Christmas Eve usually ranks as the second-largest service at New Life Church, drawing some 15,000 people to the massive evangelical Christian campus in northern Colorado Springs.
This year, a remote-only broadcast that’s been recorded and will play online all day Thursday will be available.
“You can’t put that many people in a room safely,” Senior Pastor Brady Boyd said. “We feel it would be too big of a risk.”
Even though capacity limits have been lifted at churches across Colorado following a recent U.S. Supreme Court ruling, facial coverings, social distancing and sanitization practices are still required under the state’s COVID-19 policies pertaining to indoor public spaces.
The state's current executive order for houses of worship is different. Those officiating services or participating in religious services, funerals or memorials "may temporarily remove masks where the temporary removal of a face covering is necessary to complete or participate in the life rite or religious service."
But with Christmas services quickly approaching, public health officials are reiterating the effectiveness of following preventive measures, Michelle Hewitt, spokeswoman for El Paso County Public Health, said. Those include wearing a mask, practicing social distancing, washing hands frequently, cleaning and disinfecting surfaces often and staying home when sick, Hewitt said.
People who attend live services at houses of worship are asked to “voluntarily comply,” she said.
Restrictions on indoor gatherings, such as capping attendance and requiring facial coverings, have been the subject of many lawsuits that claim such limitations violate the U.S. Constitution’s rights of religious freedom.
In October, two Colorado churches -- one in Wheat Ridge and another in Brighton -- succeeding in gaining a preliminary injunction to exempt them from the state’s mask mandate policy indoors and cap on the number of people at indoor gatherings.
Once the temporary injunction was granted, El Paso County Public Health stopped enforcing capacity limits in places of worship, Hewitt said.
"We felt the decision would become permanent, as it now has," she said.
El Paso County Public Health has received complaints over the past six weeks about New Life Church and Southside Bible Chapel, which were reported for not complying with the mask order, Hewitt said.
Churches such as New Life aren’t turning away maskless congregants..
“I’m not going to stand at the door and refuse people,” Boyd said. “We’re not being defiant, but I’m not the mask police.”
New Life staff are required to wear masks, and Boyd said he tries to set a good example by wearing a mask and modeling the rules.
“We’re still taking the same precautions we did back in March,” Boyd said, noting that attendance is restricted to 4,000 people, which is between 30% and 40% of what it normally was pre-pandemic.
Another 25,000 people are watching online, he said.
“Our church has tripled in size with online viewership,” Boyd said. “I think people are hungry for hope right now and looking for inspiration and encouragement.”
Once people sit down at New Life, they can remove their masks in order to participate in the service.
The same policy is in effect at Vanguard Church, a Baptist congregation with two locations in Colorado Springs.
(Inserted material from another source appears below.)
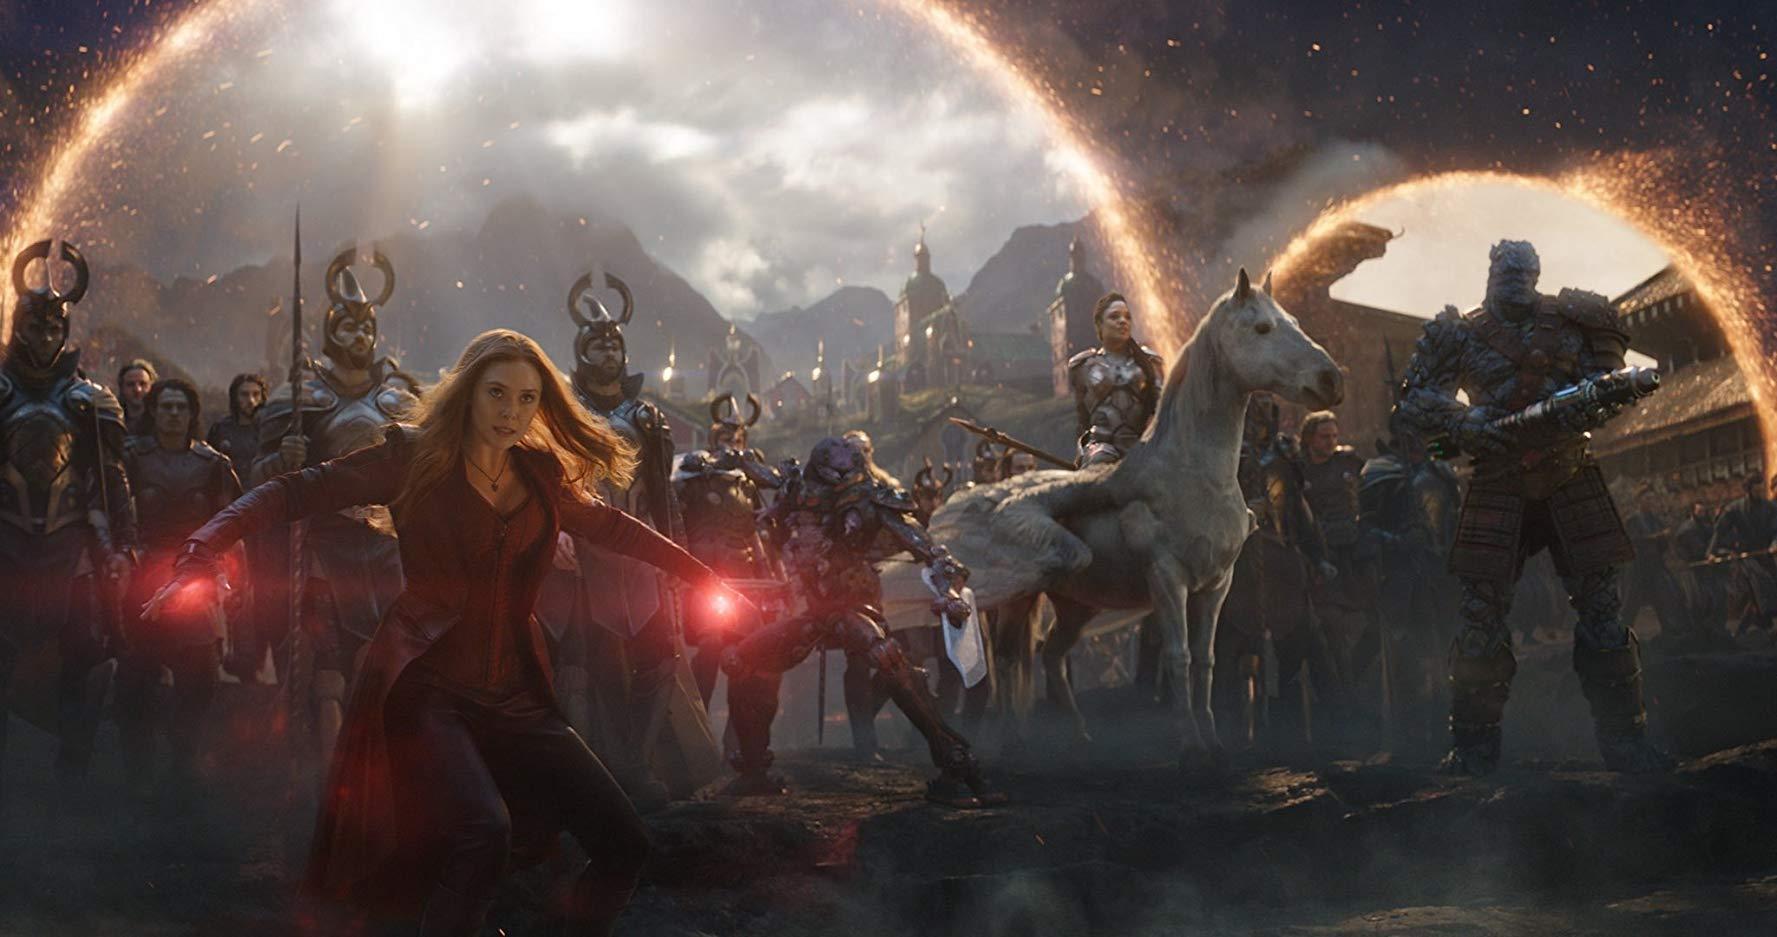 Vingadores: Ultimato (Fonte: IMDb/Reprodução)

The church allows masks to be removed once congregants are seated, so they can fully participate in the service.
“Most people, but not all, do remove their masks once seated,” said Danel Smith, pastor of operations. “They usually put them back on to use the restroom and once they leave.”
Mask-wearing is "strongly suggested," she said. “But if they do not, we would not force them to wear one to come to service.”
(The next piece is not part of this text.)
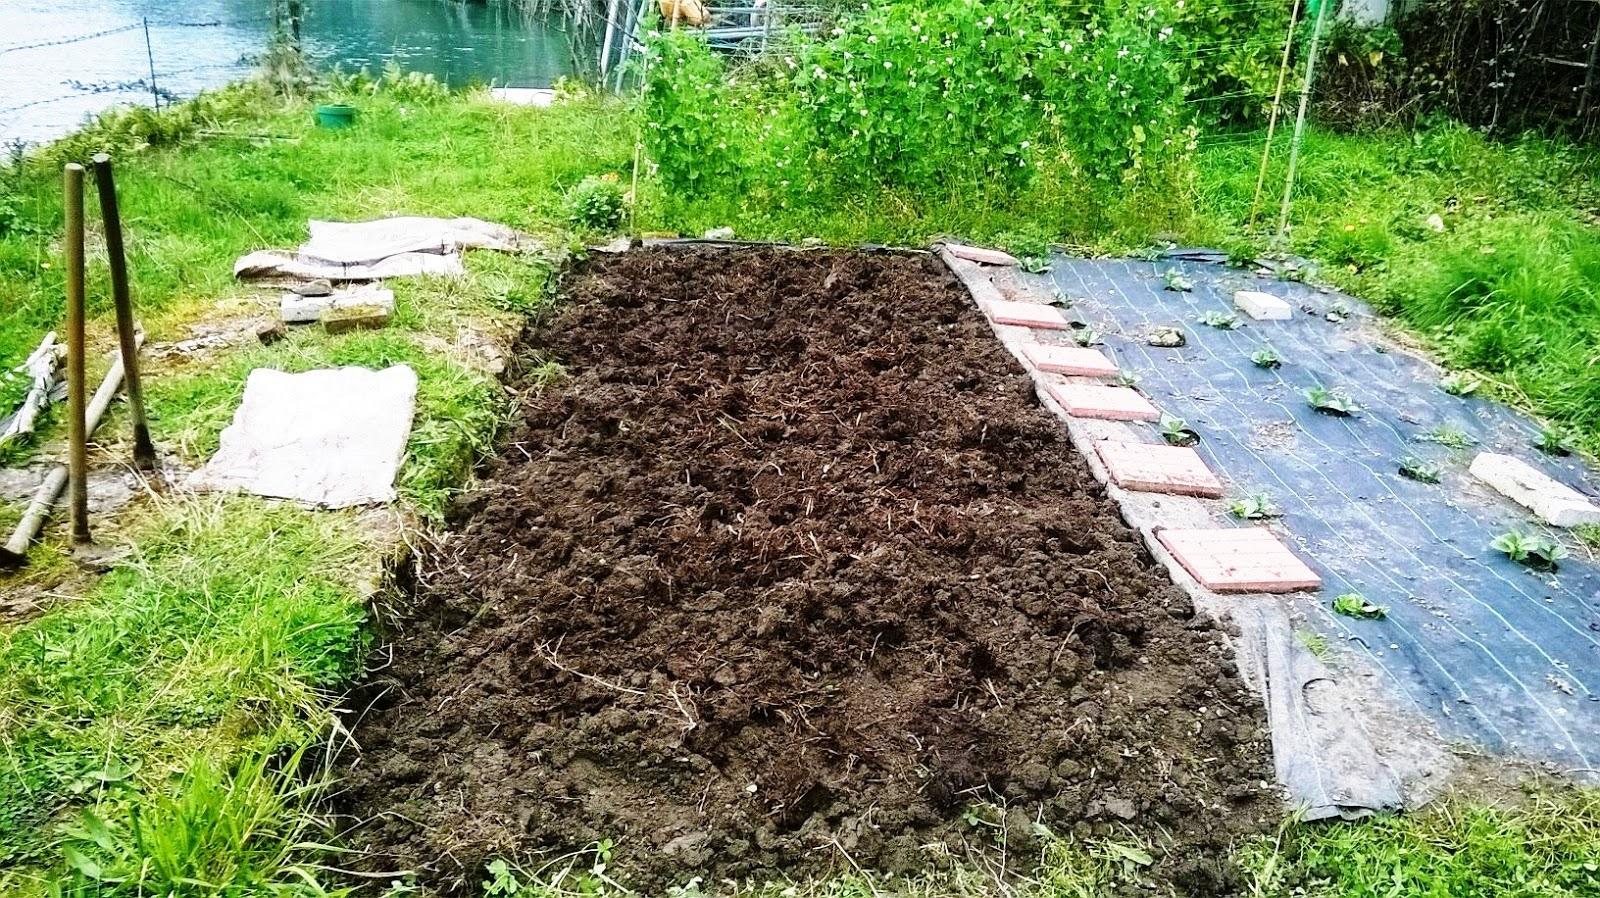 Molinillo de caf trabajo y abono de la tierra - Preparacion de la tierra para sembrar ...

Village Seven Presbyterian Church requires masks be worn throughout the service, according to a front desk receptionist who did not want to give her name. The church is continuing to restrict in-person attendance from the normal 1,200 people per service pre-pandemic to 320, she said.
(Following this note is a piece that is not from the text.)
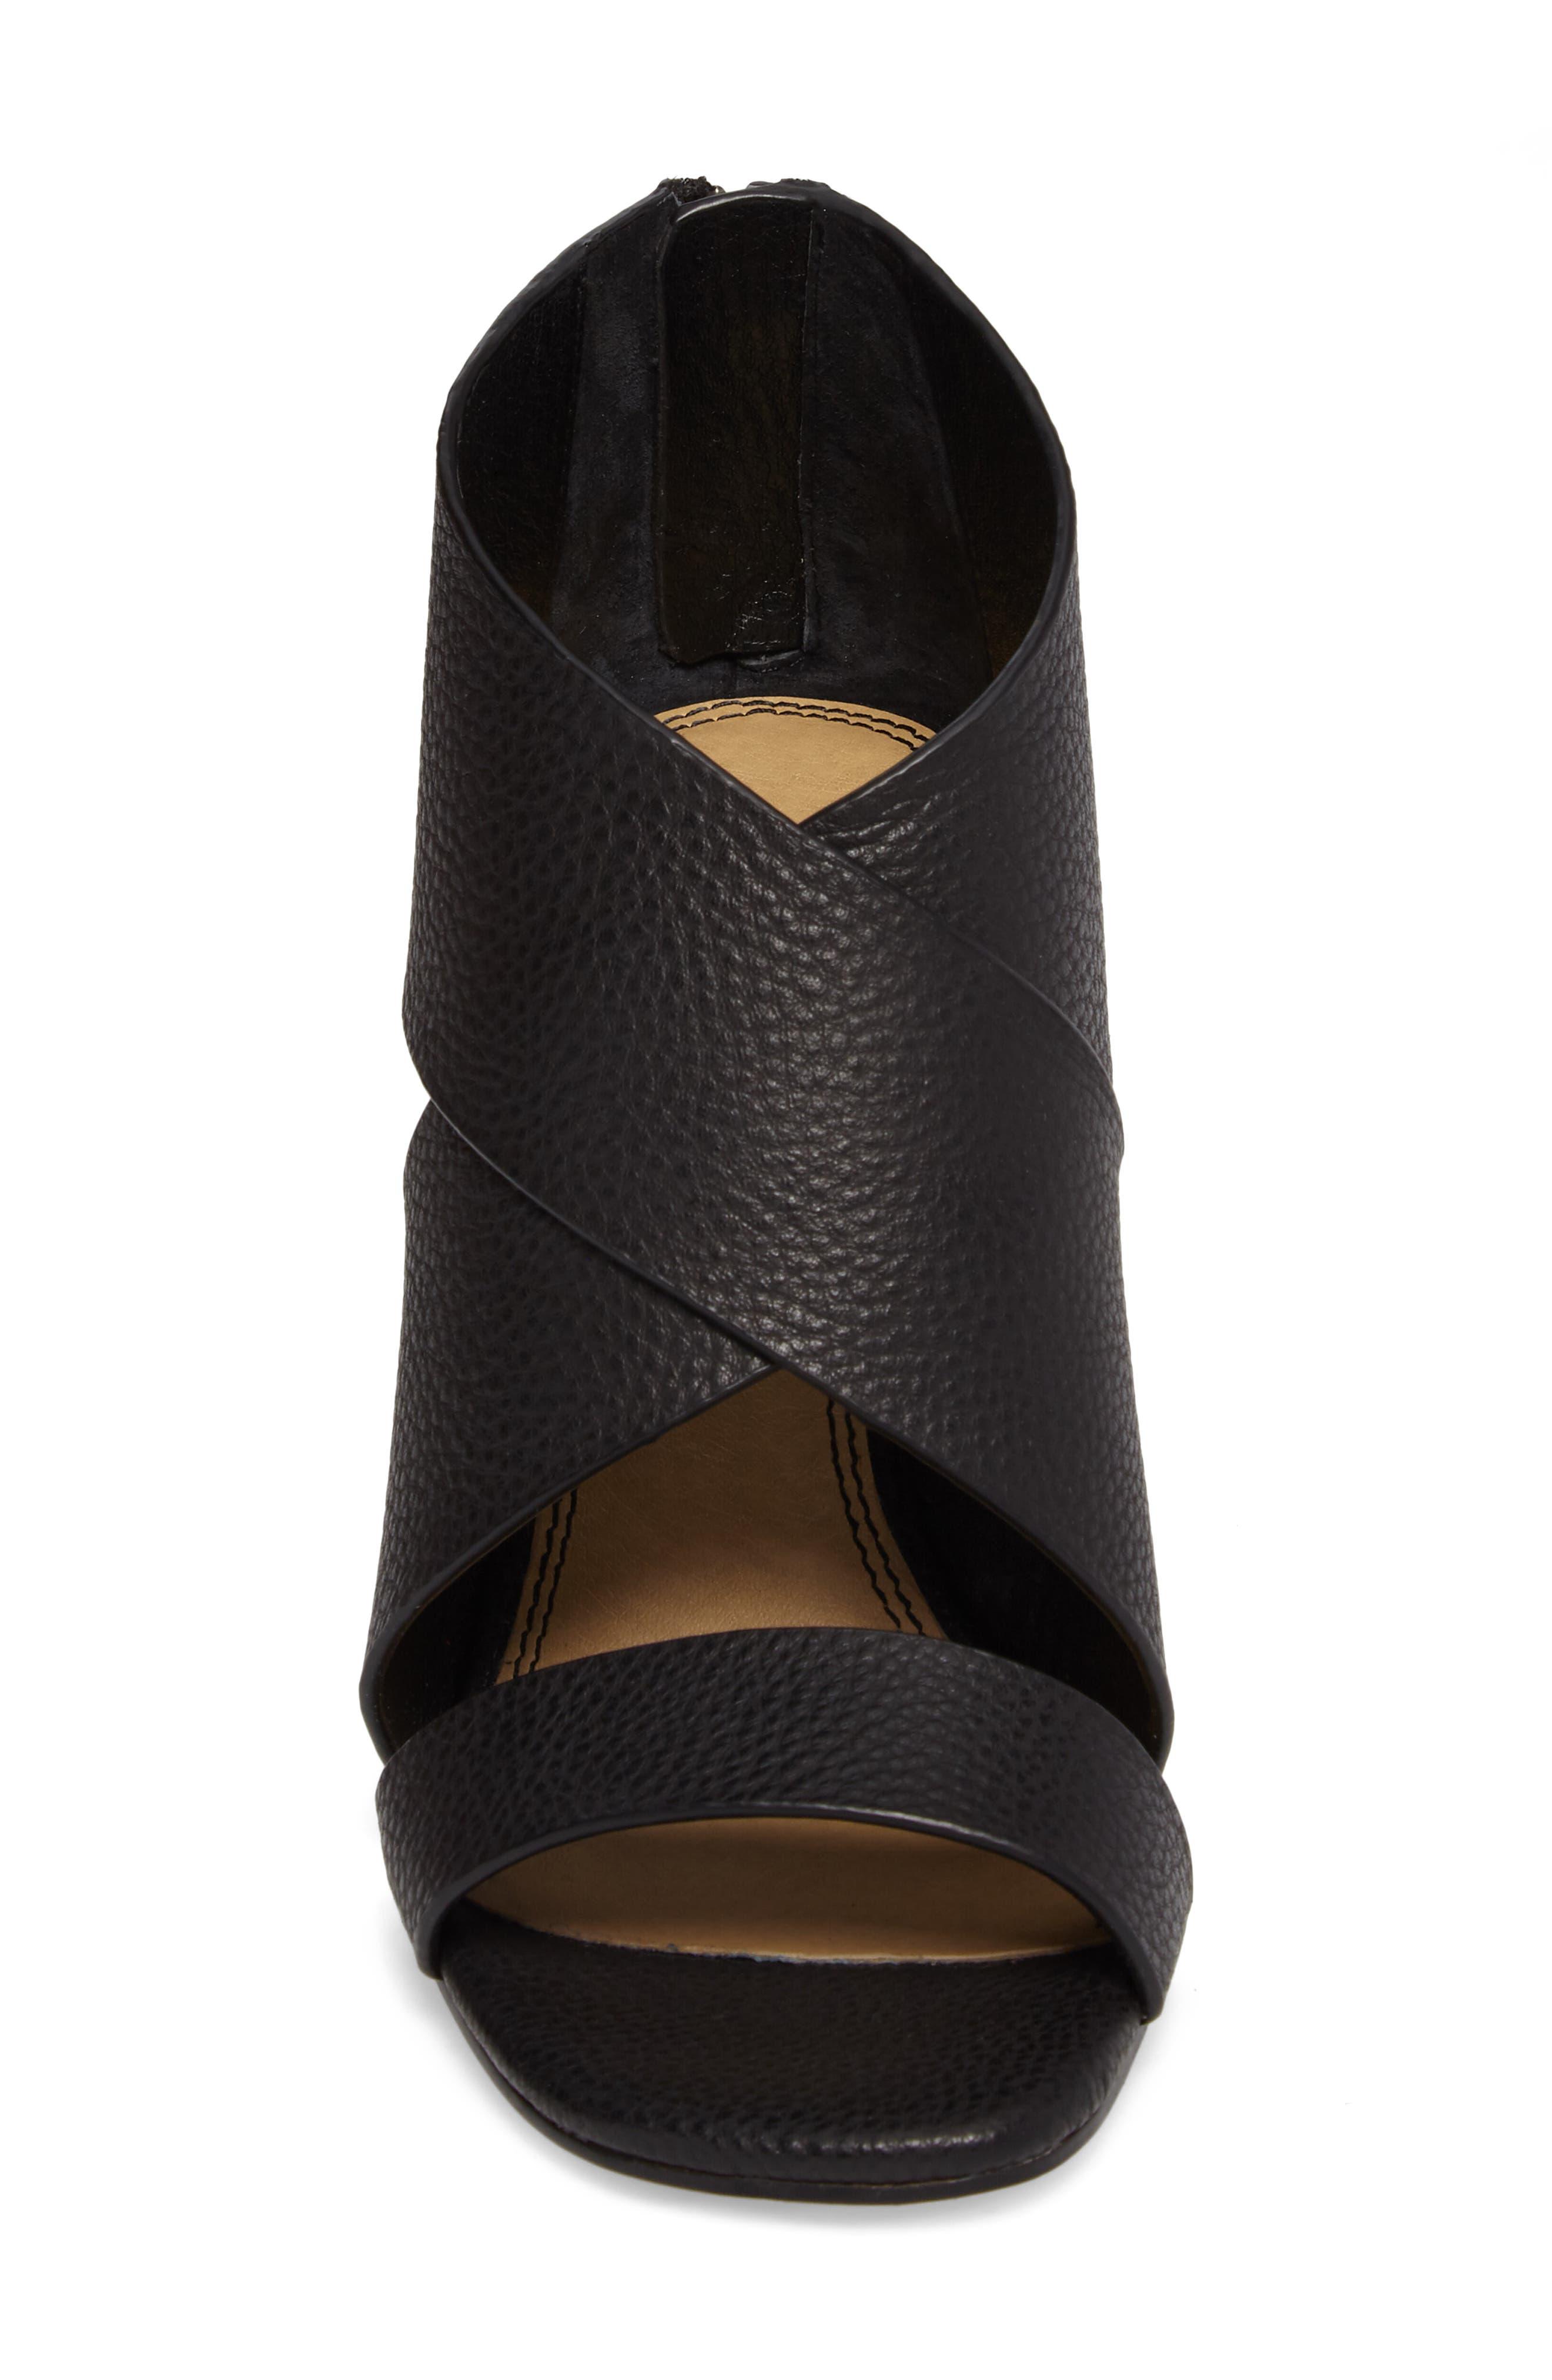 Danett Cross Strap Sandal,                             Alternate thumbnail 4, color,                             002

Village Seven is doing both livestreaming and in-person Christmas services, and the annual musical production for which the entire neighborhood usually turns out was pre-recorded this year. Neighbors received goodie bags from the church and students from nearby Penrose Elementary School got gifts, too.
Some churches are only providing online services this year, others are offering in-person services, and many are doing both online streaming and live observances.
Heart of the Springs Church, 2726 N. Union Blvd., is staging an outdoor drive-in theater-style Christmas Eve service at 5 p.m. Thursday. Just show up and park in the large lot, organizers say.
The choir and Senior Pastor Mike Hensley will be on stage in front of the church, and guests will be able to listen to music and messages via the radio in their cars.
“We really wanted to bless those that have been feeling out of touch and isolated during this crisis,” Hensley said in announcing the event. “We want people to know that they are not alone this Christmas. Things may look different now, but we want to give them hope that it will get better.”